**BRIEF:** Transcribe only the part of the material below that begins at the line containing "Set of two elegant" and ends at the line containing "Executed in aluminium", with both kept and images left out.

**PROVIDED RECORDS:**
************

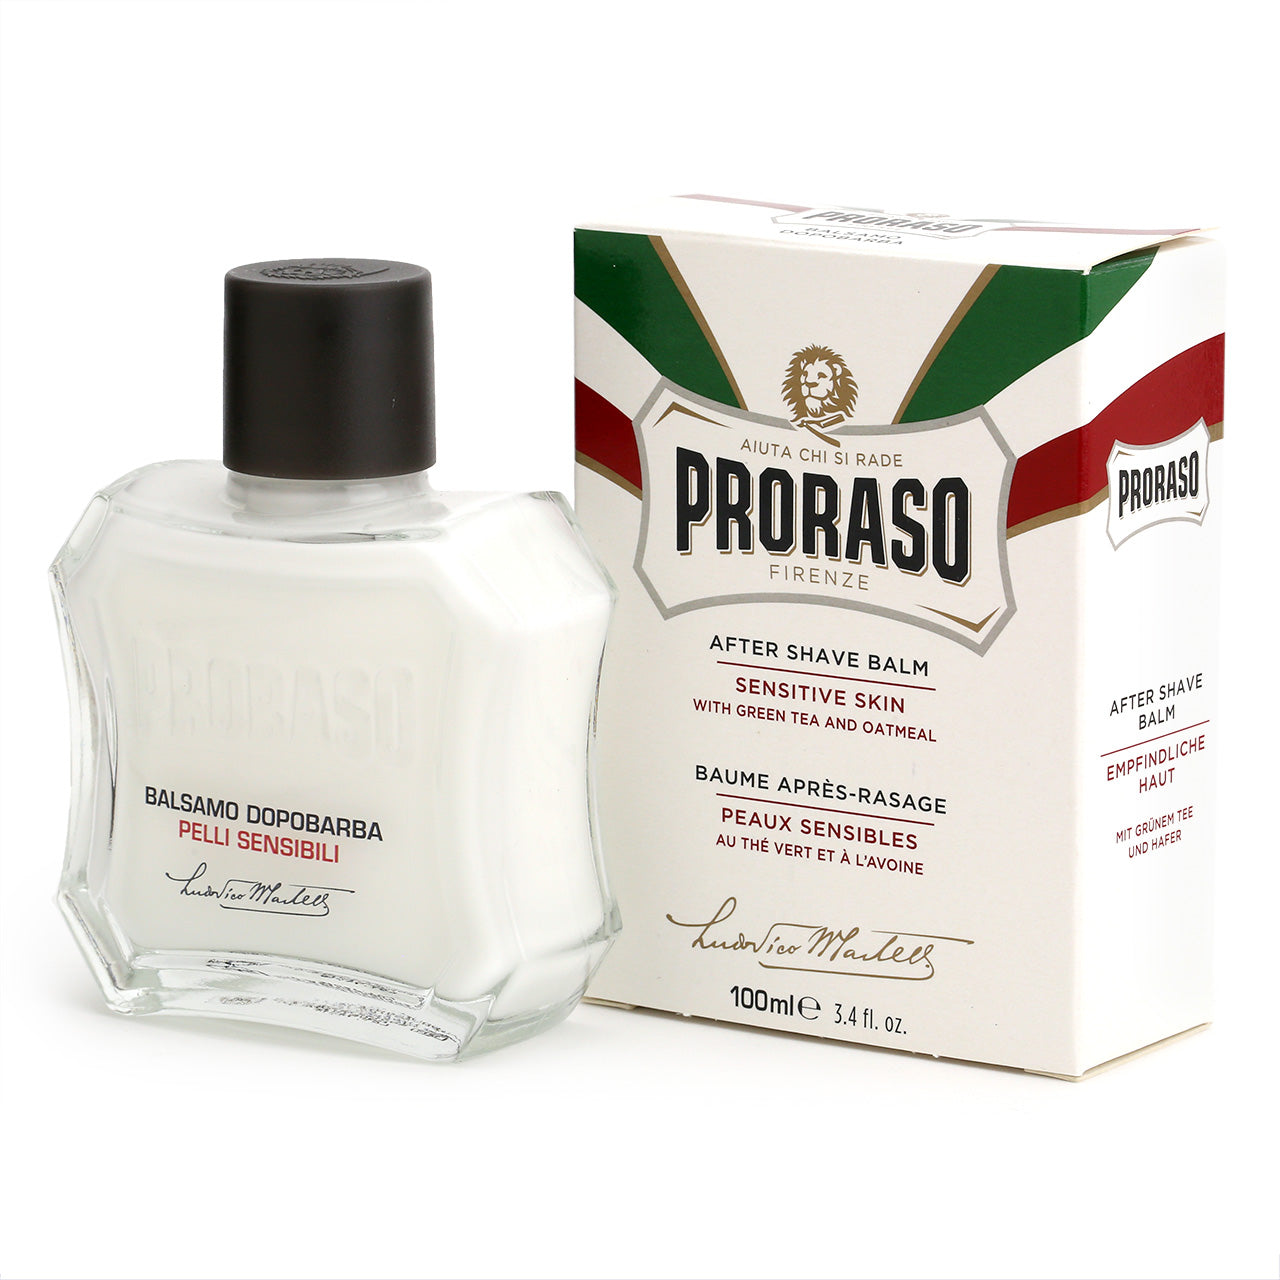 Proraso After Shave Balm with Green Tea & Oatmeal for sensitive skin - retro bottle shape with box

************

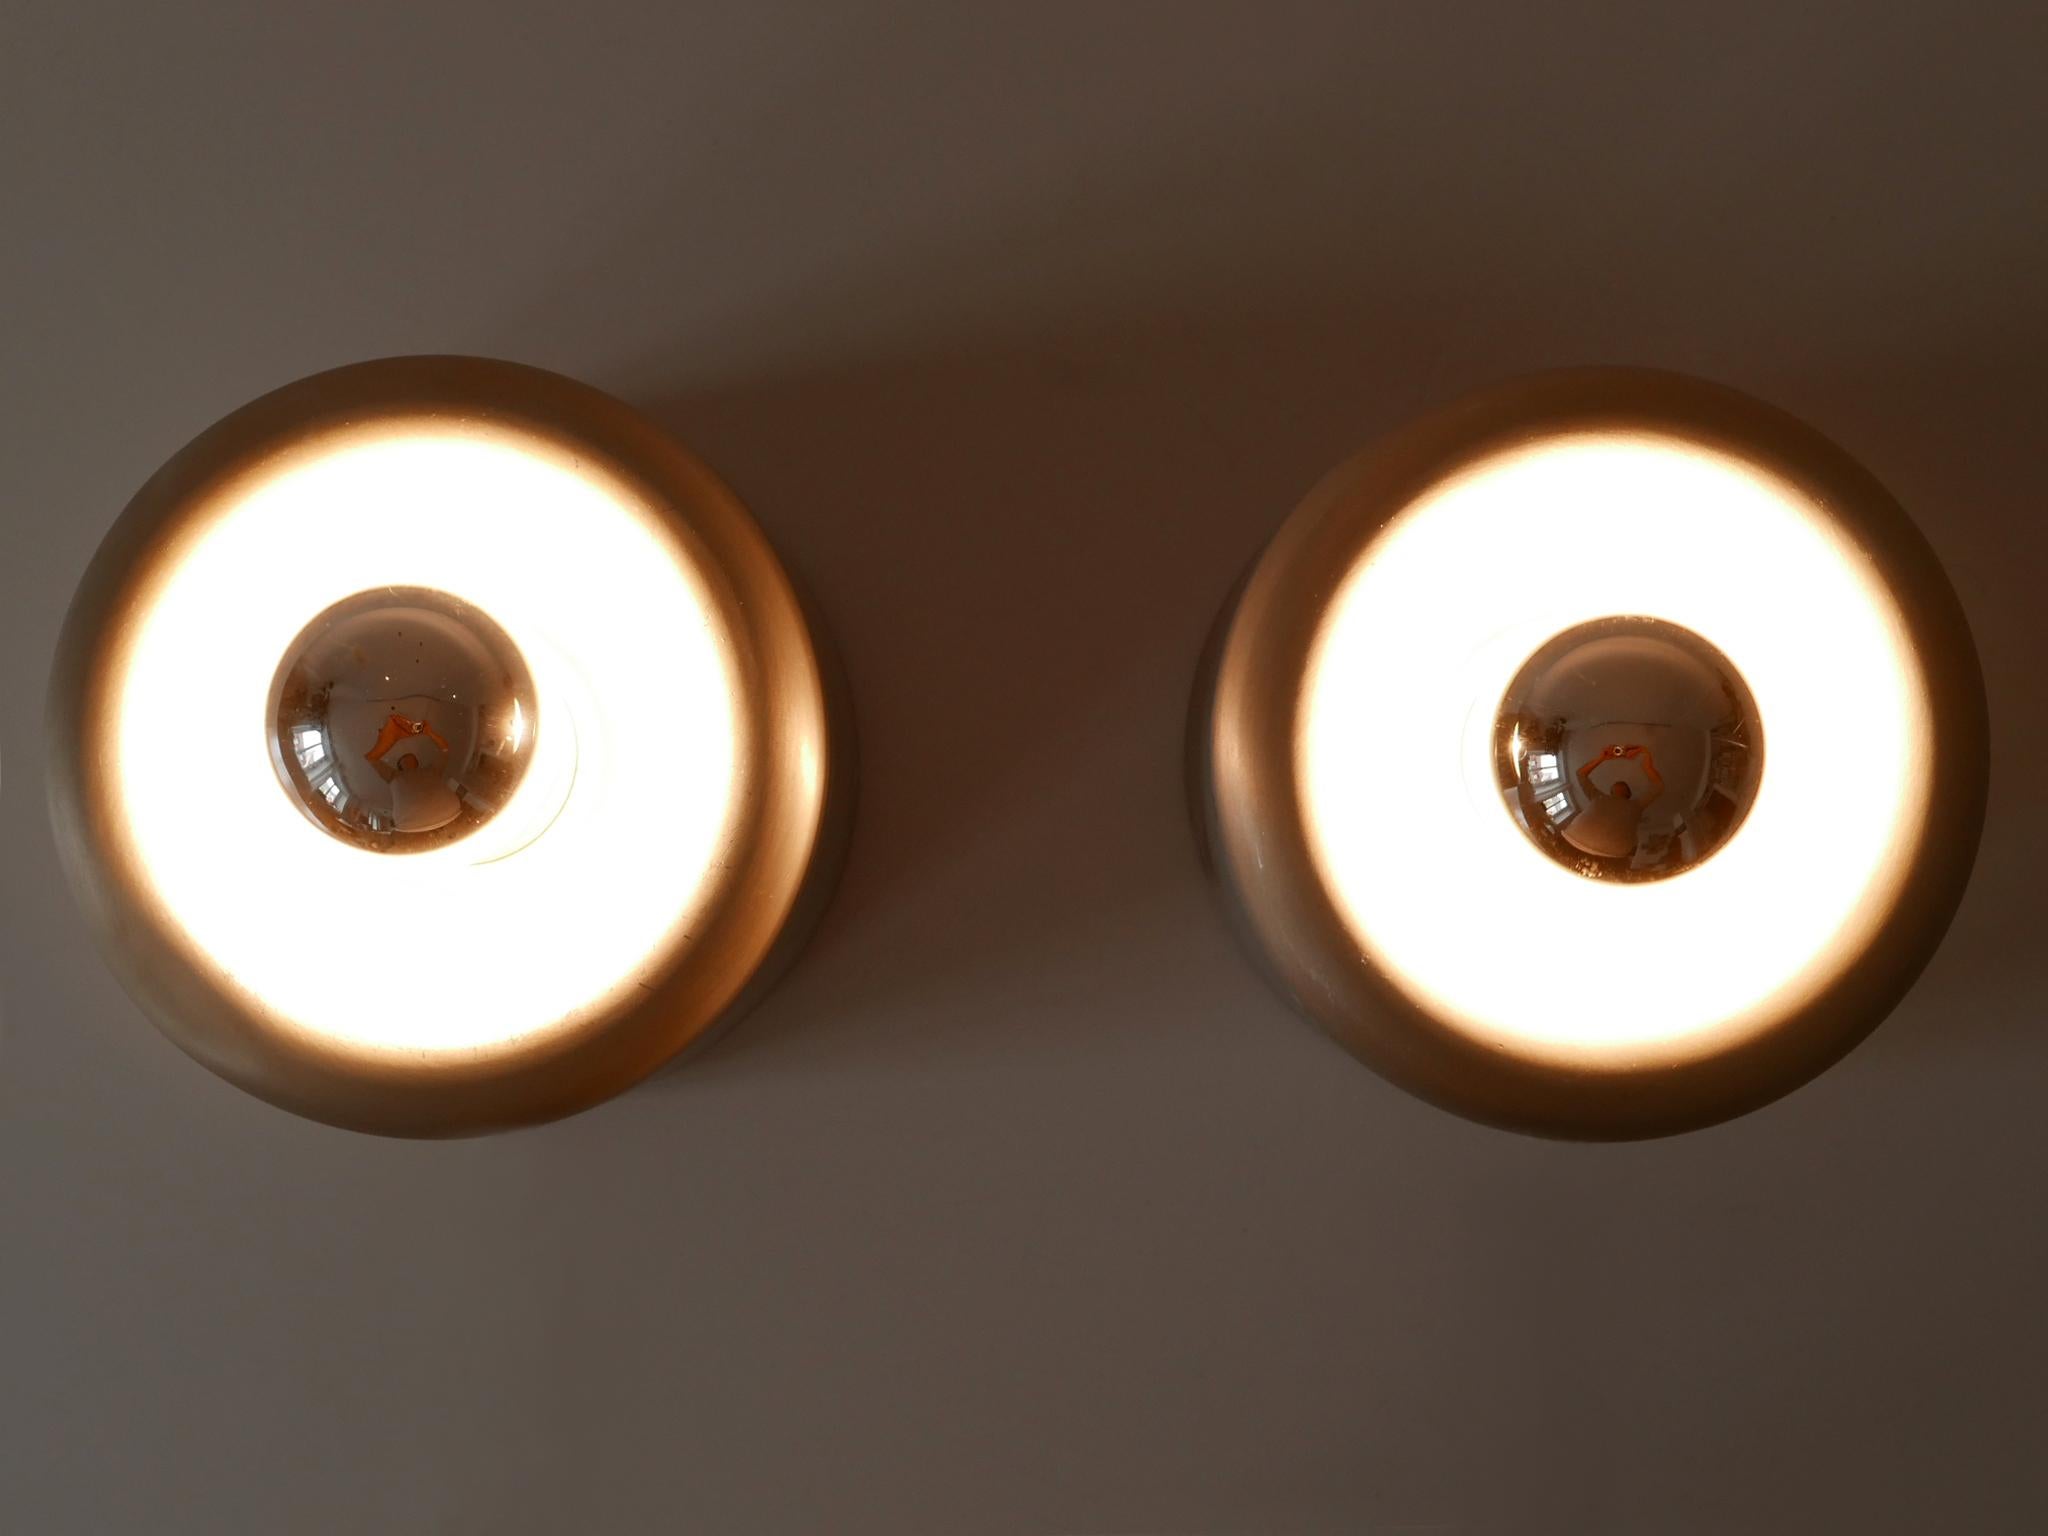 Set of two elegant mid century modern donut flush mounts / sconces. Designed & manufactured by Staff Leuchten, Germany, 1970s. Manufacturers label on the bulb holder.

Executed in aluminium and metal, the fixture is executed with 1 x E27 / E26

************

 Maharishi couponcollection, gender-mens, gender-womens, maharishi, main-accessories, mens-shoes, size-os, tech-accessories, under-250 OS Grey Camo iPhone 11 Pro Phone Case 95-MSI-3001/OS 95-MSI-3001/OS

************

**REPLY TO THE TASK:**
 Set of two elegant mid century modern donut flush mounts / sconces. Designed & manufactured by Staff Leuchten, Germany, 1970s. Manufacturers label on the bulb holder.

Executed in aluminium and metal, the fixture is executed with 1 x E27 / E26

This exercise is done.